For more information, see Chlorine Toxicity.
Inhalation injury from ammonia is marked by the following findings:
Head, ears, eyes, nose, throat (HEENT) - Facial and oral burns and ulcerations
Respiration - Tachypnea, oxygen desaturation, stridor, drooling, cough, wheezing, rhonchi, and decreased air entry
Central nervous system (CNS) - Loss of consciousness (if exposure is massive)
Skin or eye contact with ammonia can result in burns or cold injury. Alkali burns to the skin are yellow, soapy, and soft in texture; with severe burns, skin turns black and leathery.
Burns to the eye penetrate particularly deeply and rapidly, leading to destruction of the inner structures within 2-3 minutes; this may progress to globe perforation. Ammonia typically causes more corneal epithelium and lens damage than other alkalis. Intraocular pressure and pH of the anterior chamber rise, resulting in a syndrome similar to acute narrow-angle glaucoma.
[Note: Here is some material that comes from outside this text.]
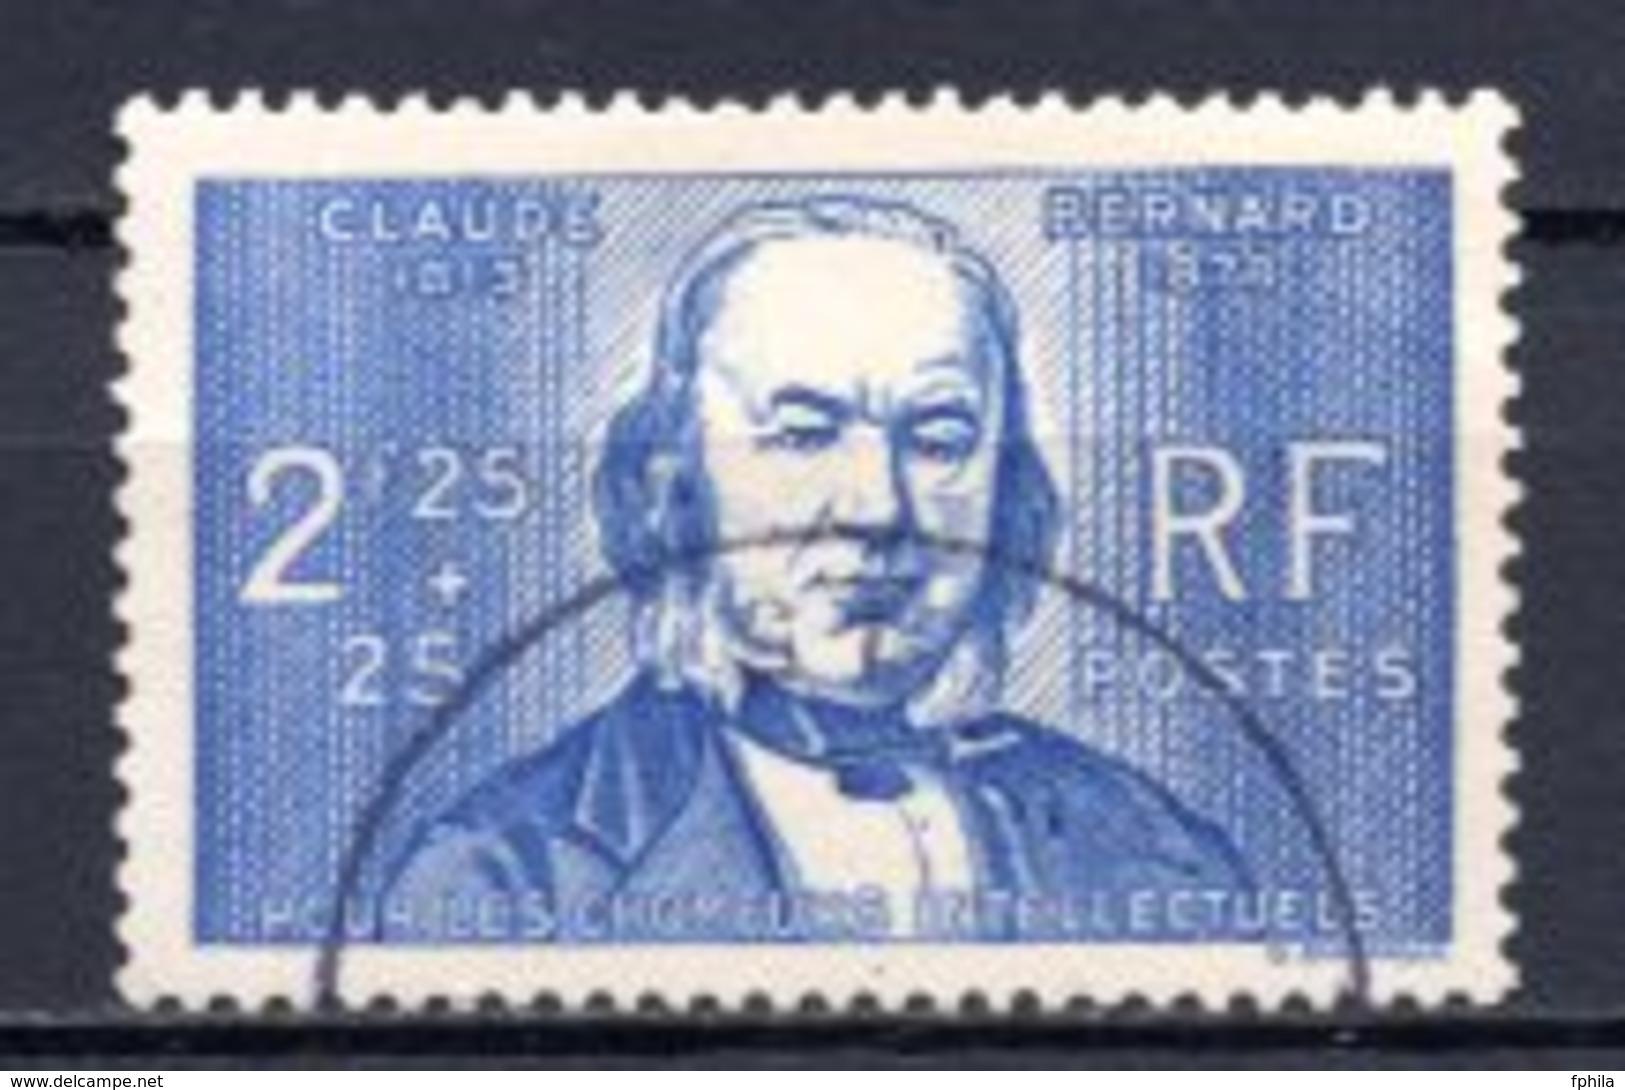 1939 FRANCE 2.25FR.+25C. CLAUDE BERNARD MICHEL: 453 USED - Gebraucht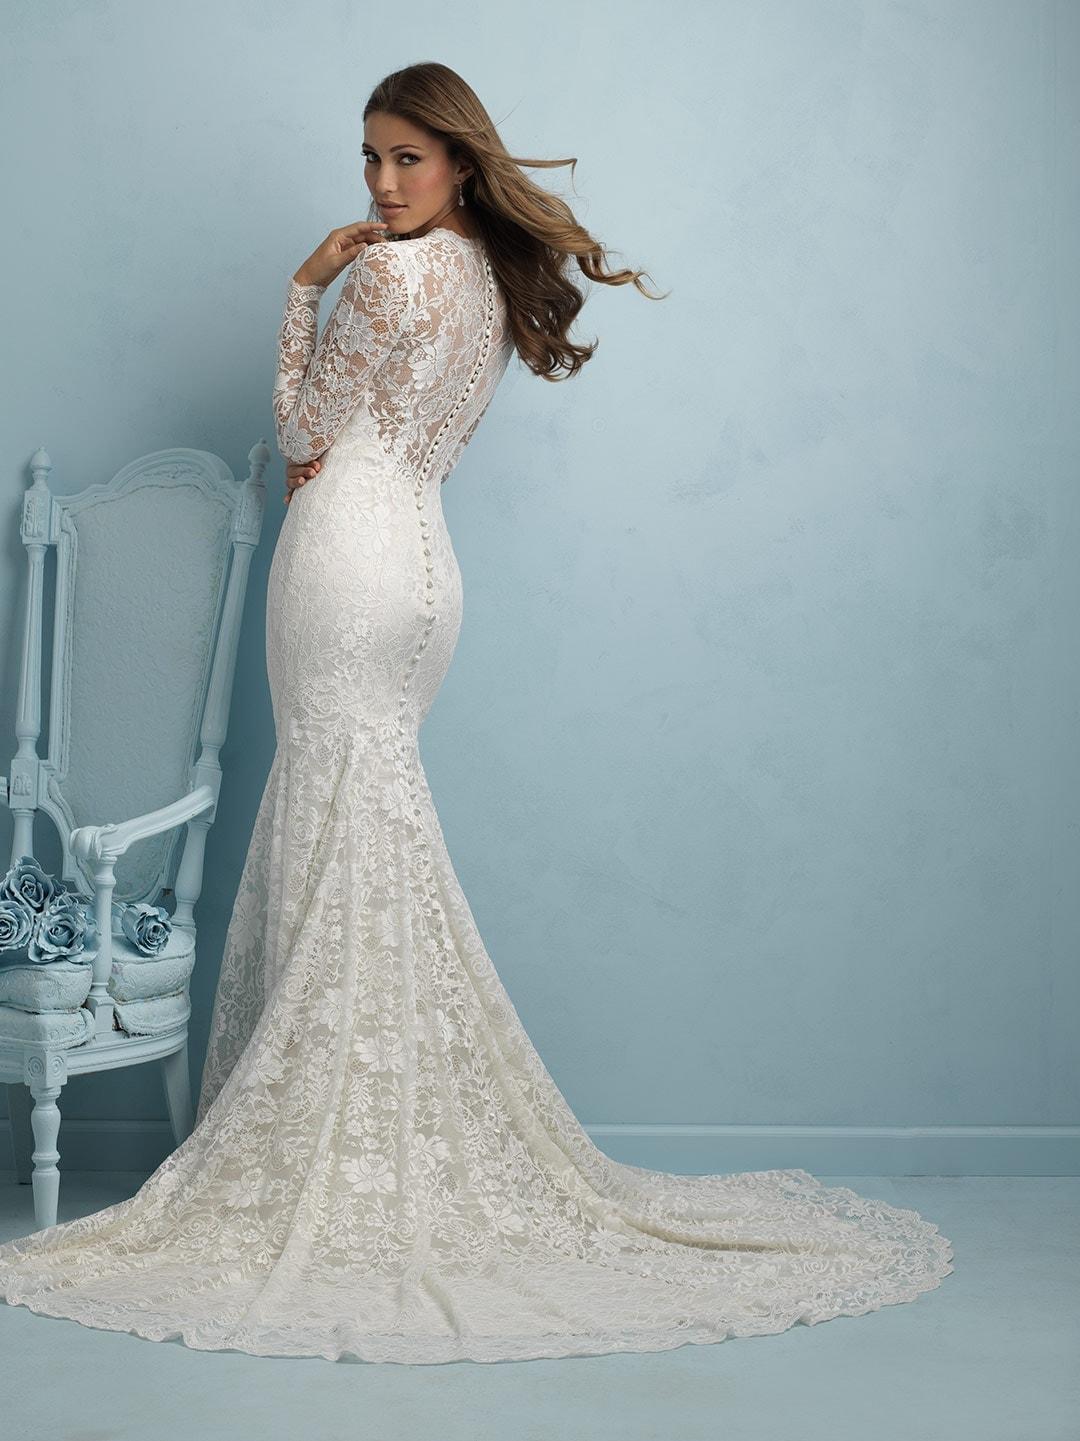 embrace bridal geelong 9213b

Other ophthalmic symptoms include the following:
Semi-dilated fixed pupil
Eventual cataract formation
With intentional ingestion of ammonia, hypovolemic shock may occur because of vomiting and third-spacing of intravascular fluid. HEENT findings may include edema of the lips, oropharynx, and upper airway.
On abdominal examination, patients may exhibit epigastric tenderness; mediastinitis and peritoneal signs may be present with viscus perforation, which can occur as late as 24-72 hours post ingestion. Respiratory manifestations include aspiration pneumonia and pulmonary edema.